■ **Data segment**
====================

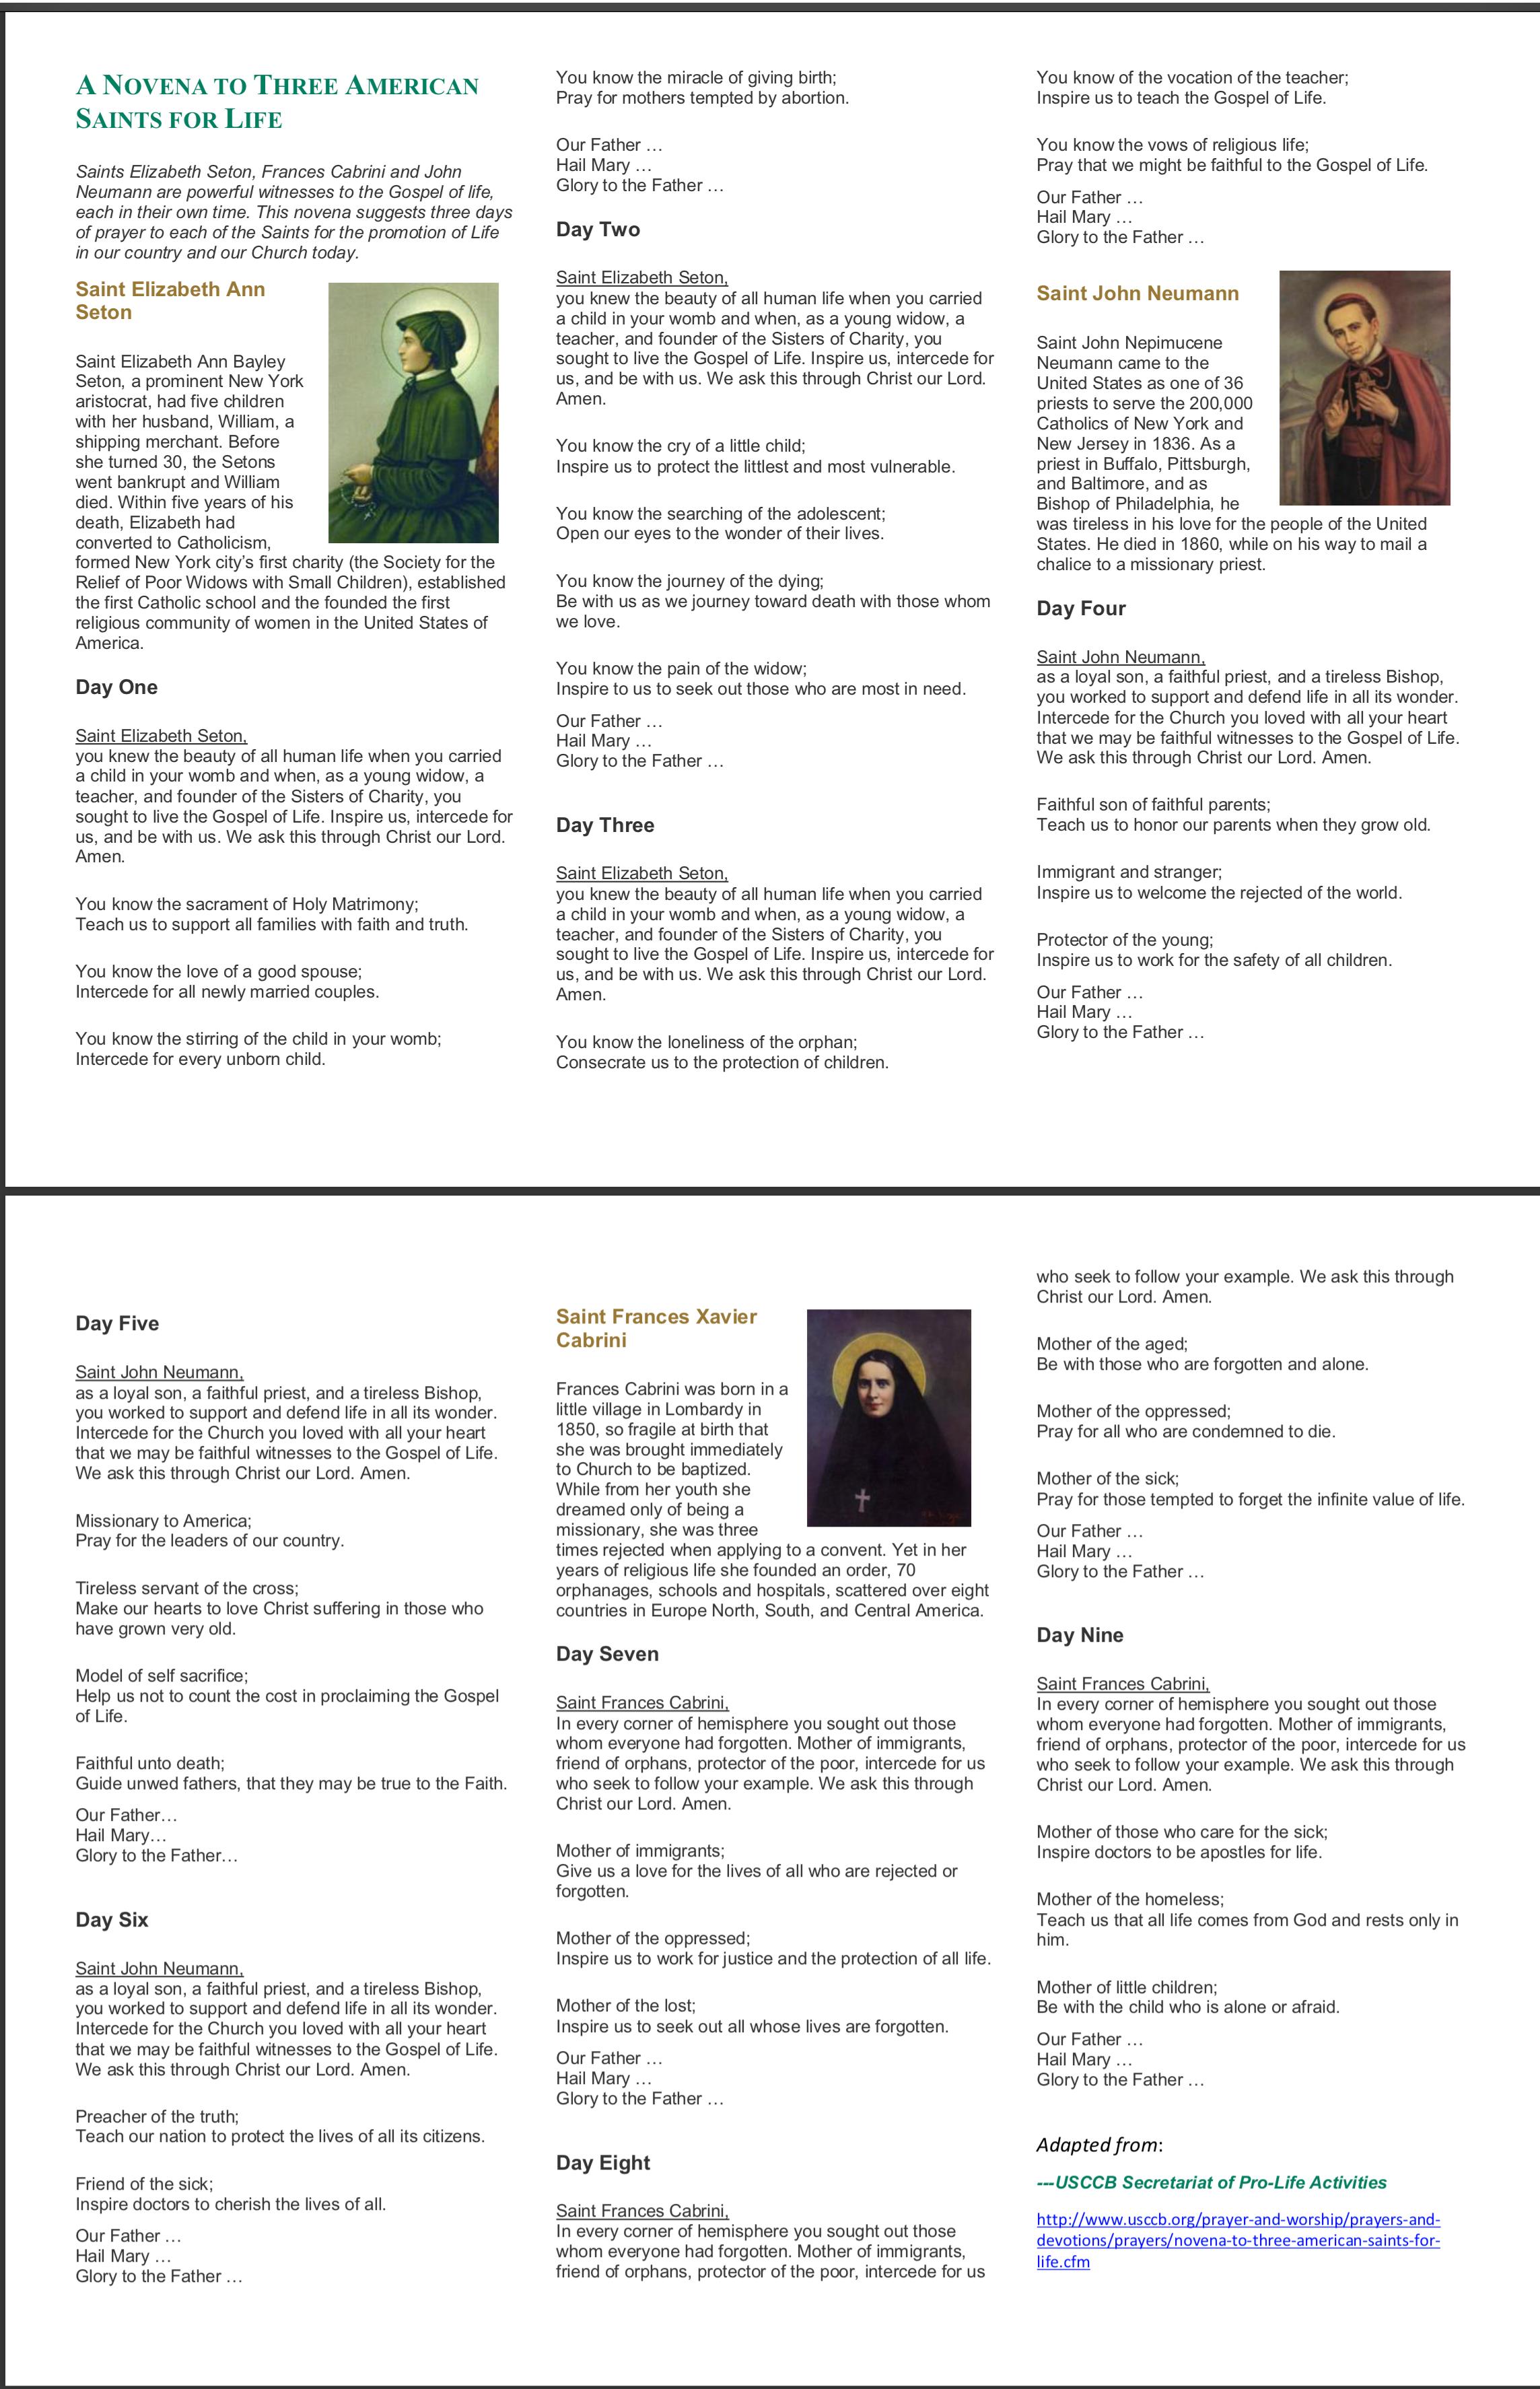 Download Novena flyer as a printable PDF
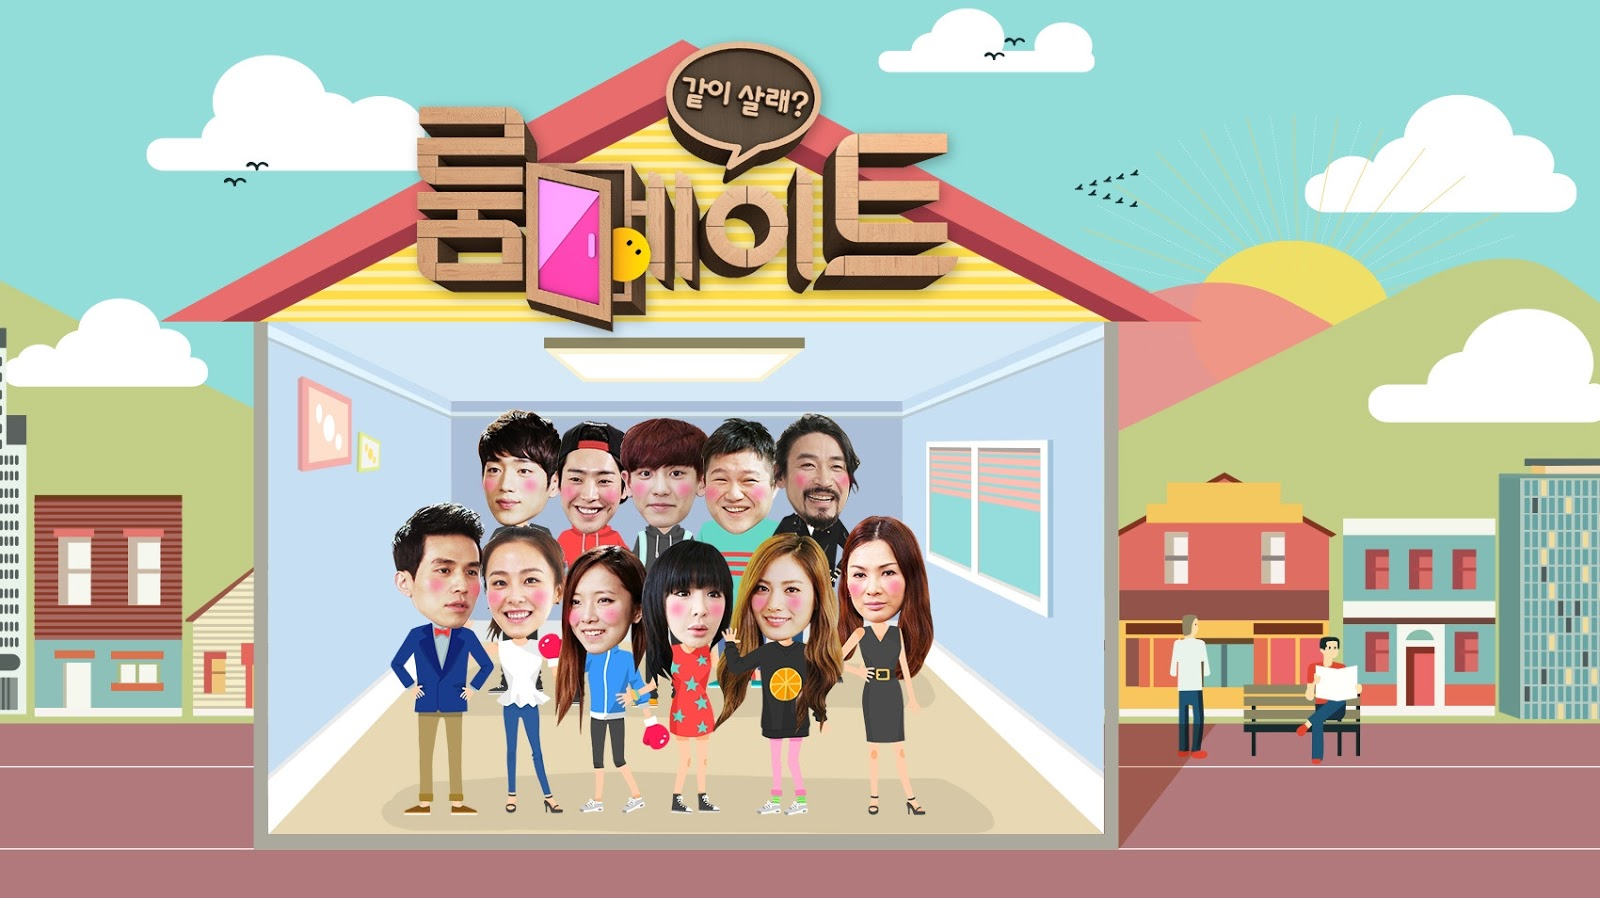 SBS Roommate Season 1-2 ตอนที่ 1-46 ซับไทย [จบ] – HD Full EP
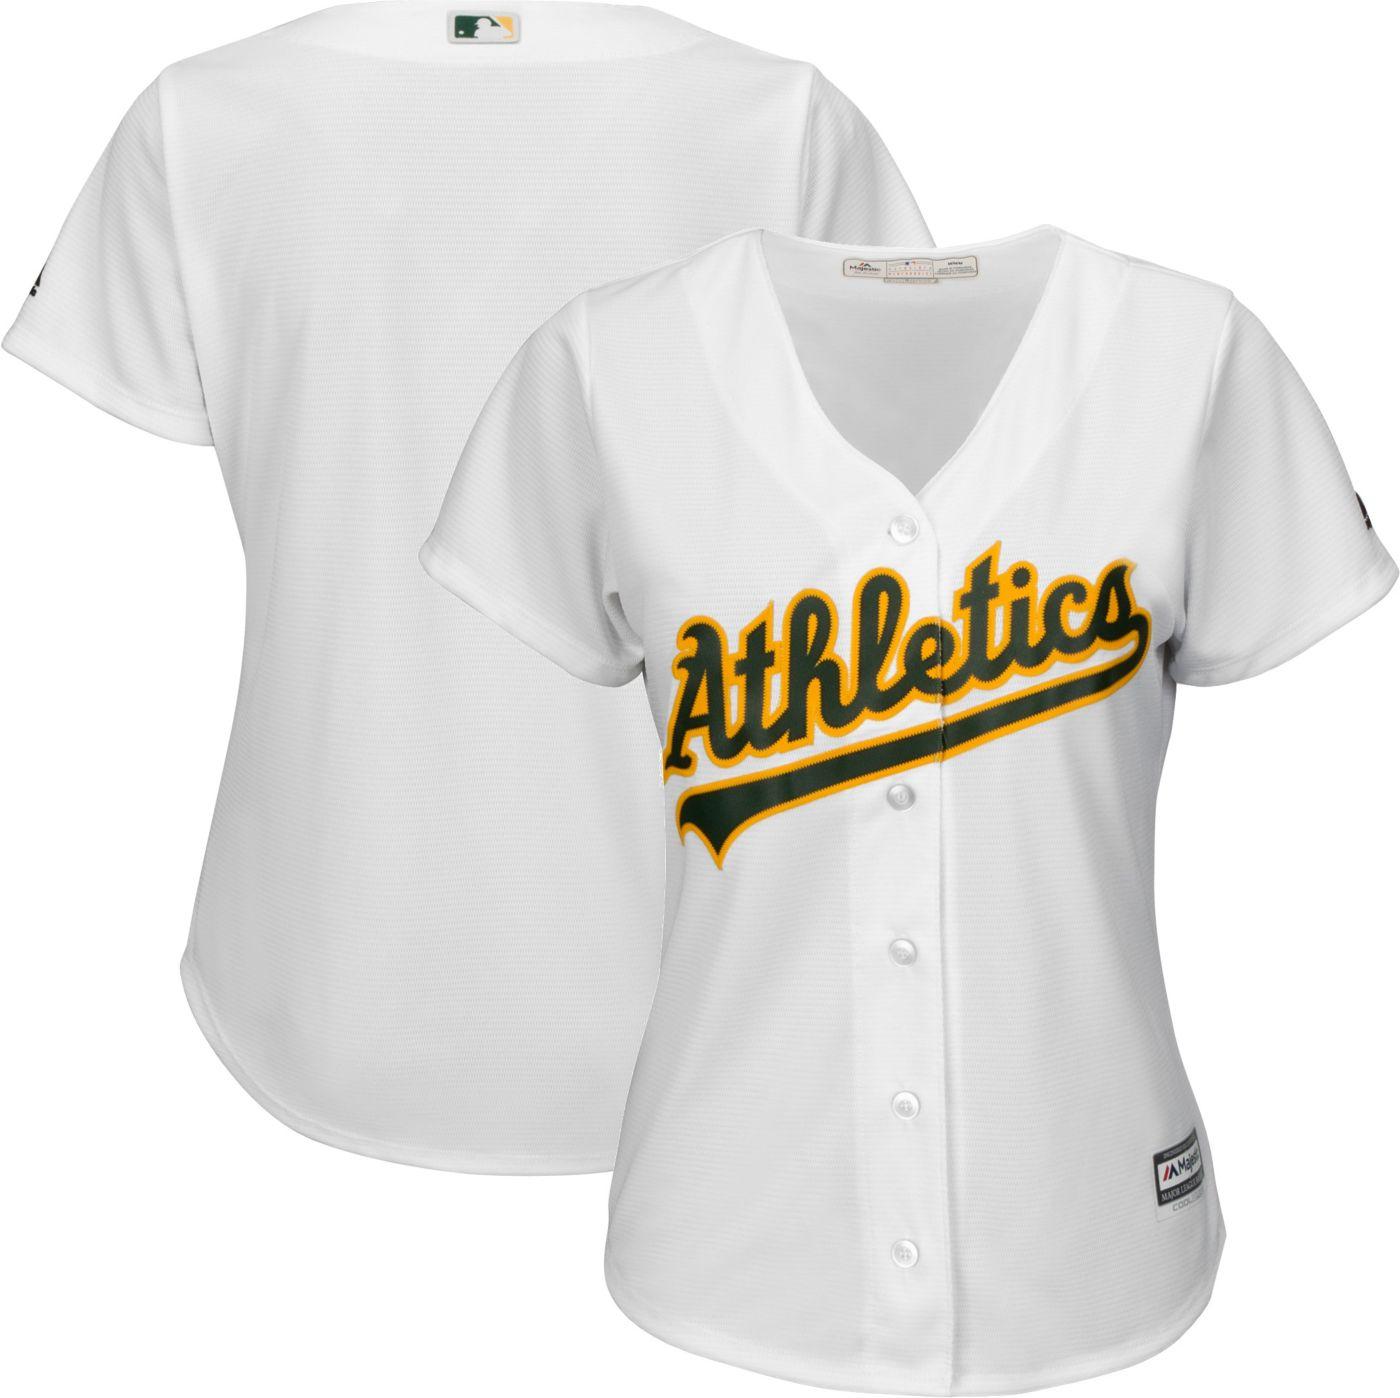 Majestic Women's Replica Oakland Athletics Cool Base Home White Jersey

====================

■ **Problem details**
Leaving the pictures behind, return every line above exactly.

■ **Response below**
 Download Novena flyer as a printable PDF
 SBS Roommate Season 1-2 ตอนที่ 1-46 ซับไทย [จบ] – HD Full EP
 Majestic Women's Replica Oakland Athletics Cool Base Home White Jersey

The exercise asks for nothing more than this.